About This Demo

This demo showcases a Visual Retrieval-Augmented Generation (RAG) application over PDFs using ColPali embeddings in Vespa, built entirely in Python, using FastHTML. The code is fully open source.

Resources

Architecture Overview

Vespa Application: Vespa Application that handles indexing, search, ranking and queries, leveraging features like phased ranking and multivector MaxSim calculations.
Frontend: Built with FastHTML, offering a professional and responsive user interface without the complexity of separate frontend frameworks.
Backend: Also built with FastHTML. Handles query embedding inference using ColPali, serves static files, and is responsible for orchestrating interactions between Vespa and the frontend.
Gemini API: VLM for the AI response, providing responses based on the top results from Vespa.
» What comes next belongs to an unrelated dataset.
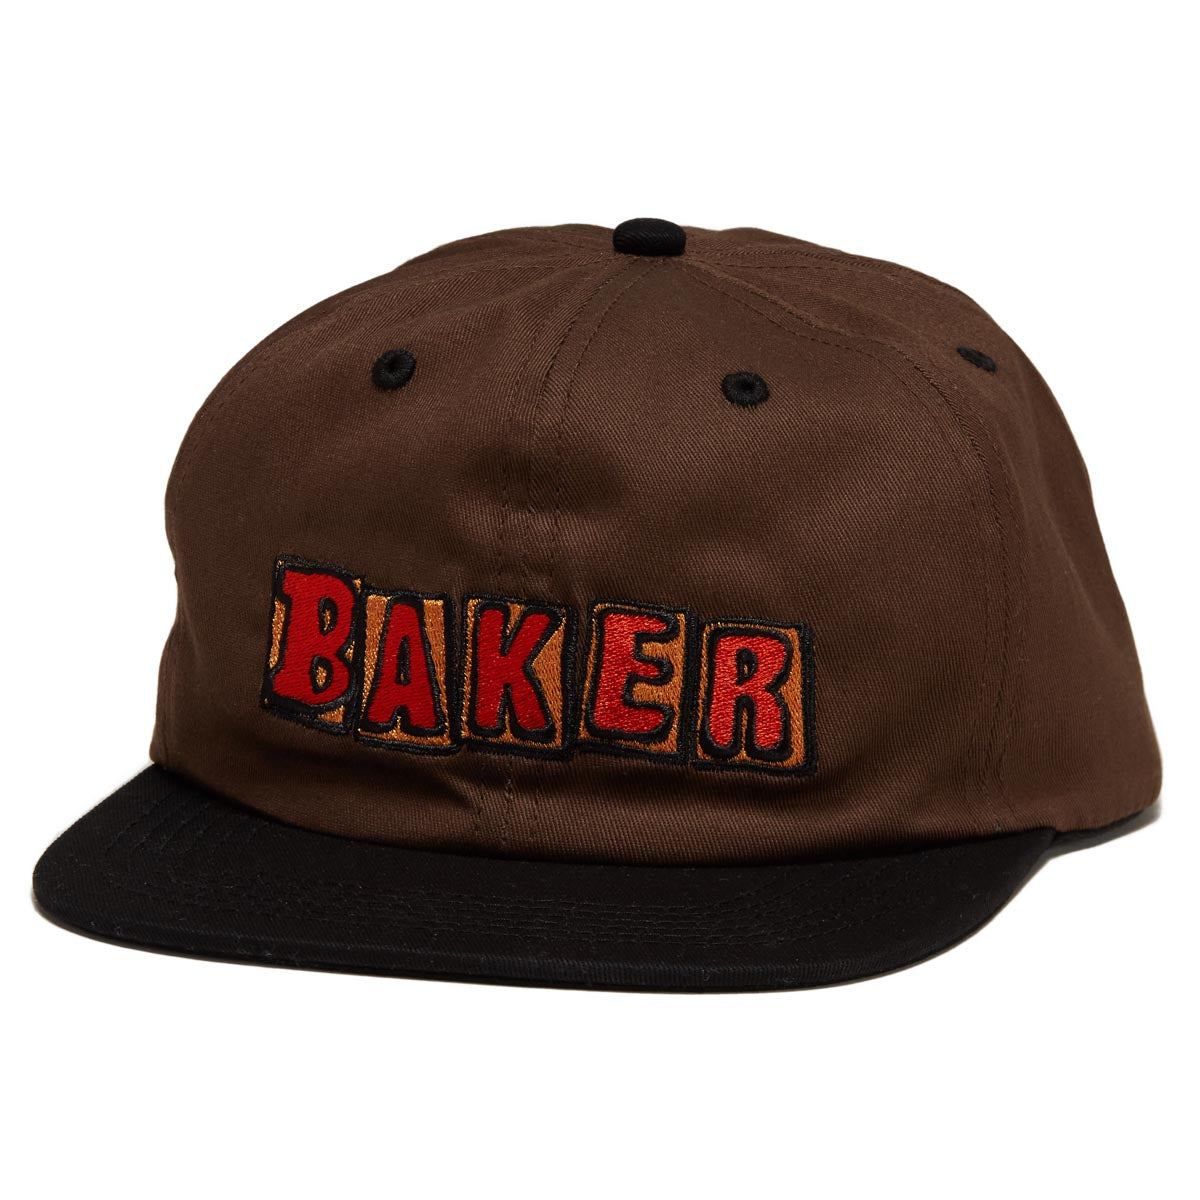 Baker Crumb Hat - Brown/Black image 1

User Experience Highlights

Fast and Responsive: Optimized for quick loading times, with phased content delivery to display essential information immediately while loading detailed data in the background.
Similarity Maps: Provides visual highlights of the most relevant parts of a page in response to a query, enhancing interpretability.
Type-Ahead Suggestions: Offers query suggestions to assist users in formulating effective searches.

Dataset

The dataset used in this demo is retrieved from reports published by the Norwegian Government Pension Fund Global. It contains 6,992 pages from 116 PDF reports (2000–2024). The information is often presented in visual formats, making it an ideal dataset for visual retrieval applications.